To do - Exclude the pictures, then copy all remaining records exactly.

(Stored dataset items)
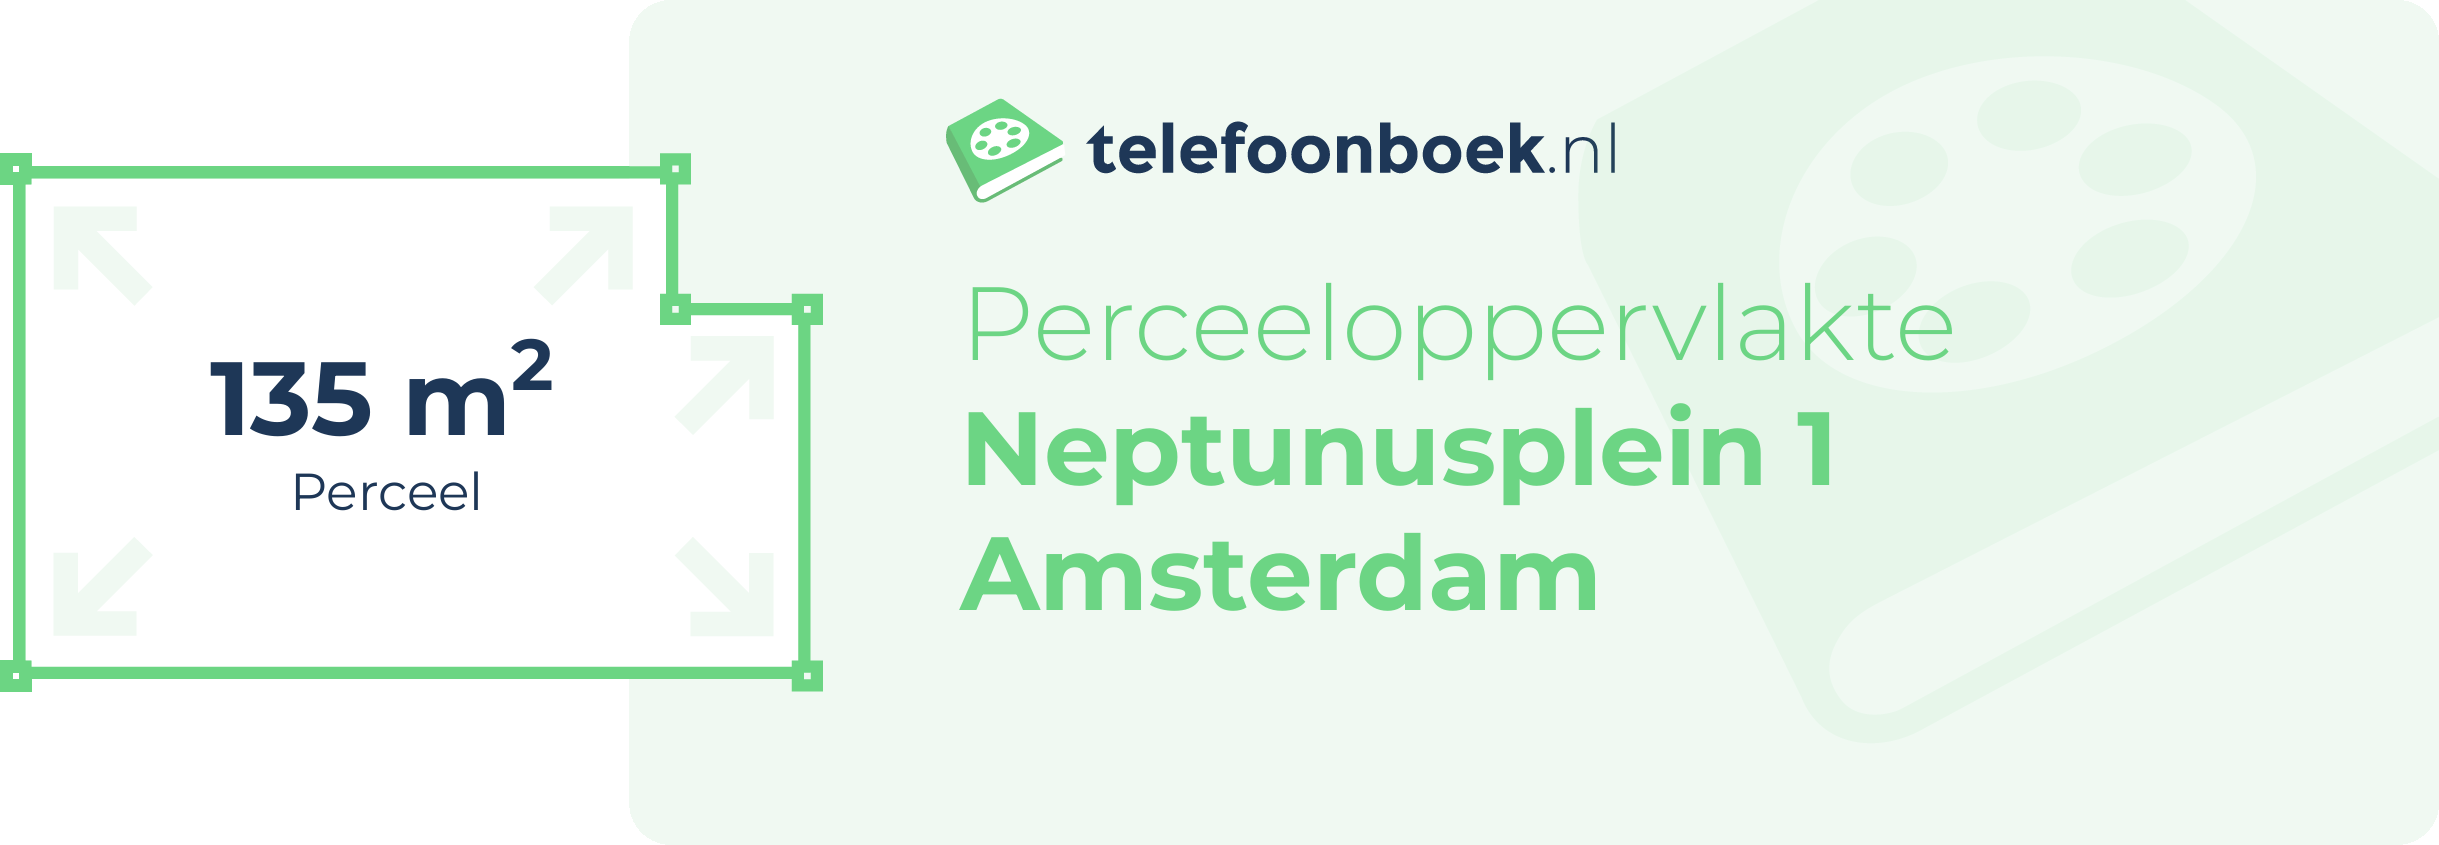 Perceeloppervlakte Neptunusplein 1 Amsterdam
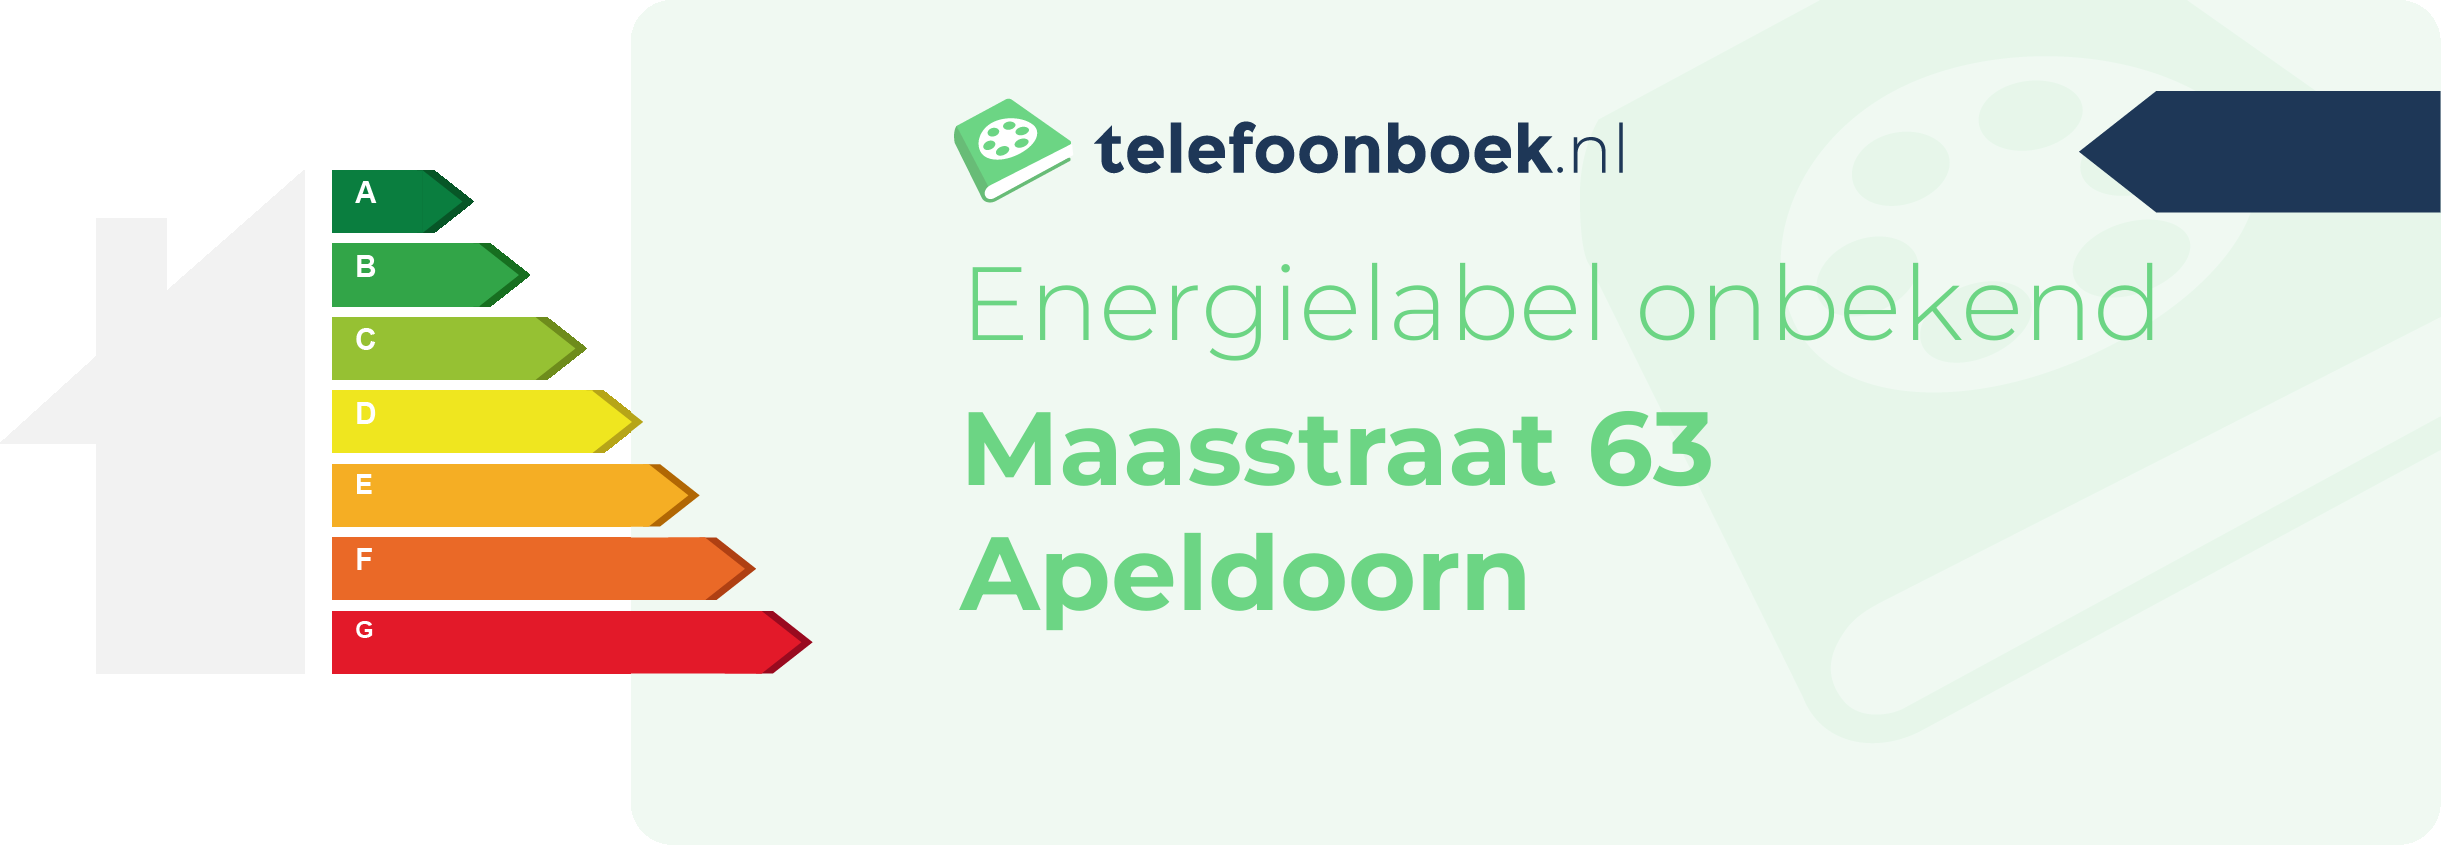 Energielabel Maasstraat 63 Apeldoorn
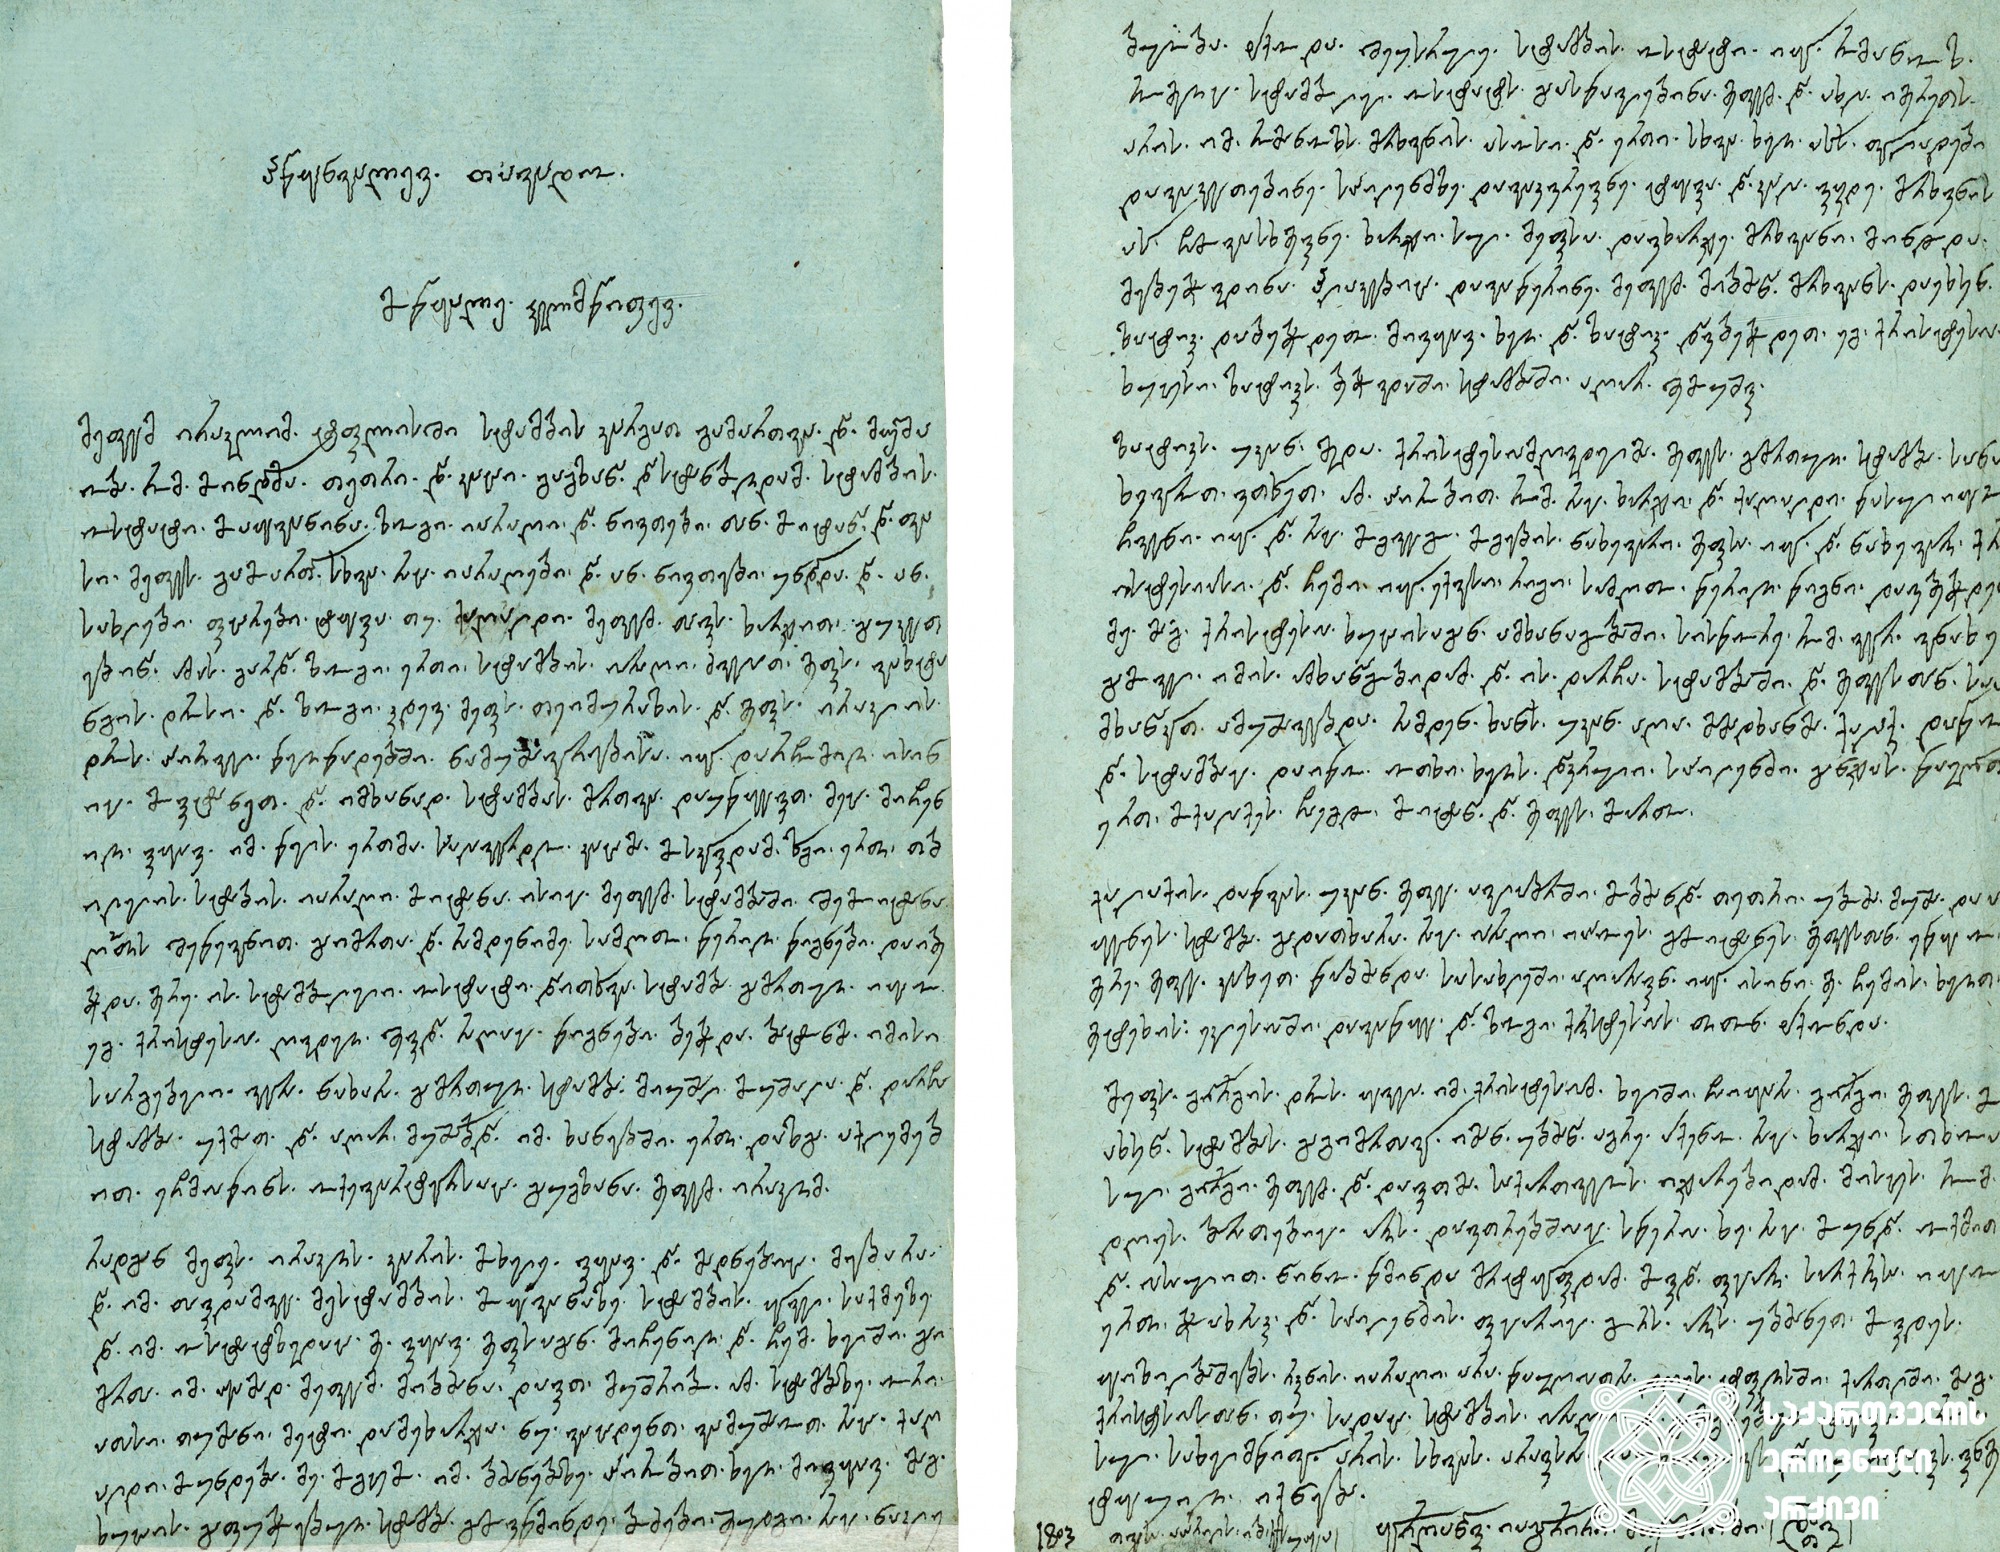 მუშრიბ დავით ყორღანაშვილის წერილი თავად ციციანოვთან ერეკლე II-ის მიერ თბილისში სტამბის დაარსების, მისი ფუნქციონირების, რამდენიმეგზის აღდგენის, საბოლოოდ დაშლის შესახებ <br>
1803 წელი, 12 აპრილი<br>
Letter of Mushrib DAviT Korghanashvili to Tavadi Tsitsianov about founding the Printing House in Tbilisi by King Erekle II <br>
12 April, 1803

Answer for this exercise -
 Perceeloppervlakte Neptunusplein 1 Amsterdam
 Energielabel Maasstraat 63 Apeldoorn
 მუშრიბ დავით ყორღანაშვილის წერილი თავად ციციანოვთან ერეკლე II-ის მიერ თბილისში სტამბის დაარსების, მისი ფუნქციონირების, რამდენიმეგზის აღდგენის, საბოლოოდ დაშლის შესახებ <br>
1803 წელი, 12 აპრილი<br>
Letter of Mushrib DAviT Korghanashvili to Tavadi Tsitsianov about founding the Printing House in Tbilisi by King Erekle II <br>
12 April, 1803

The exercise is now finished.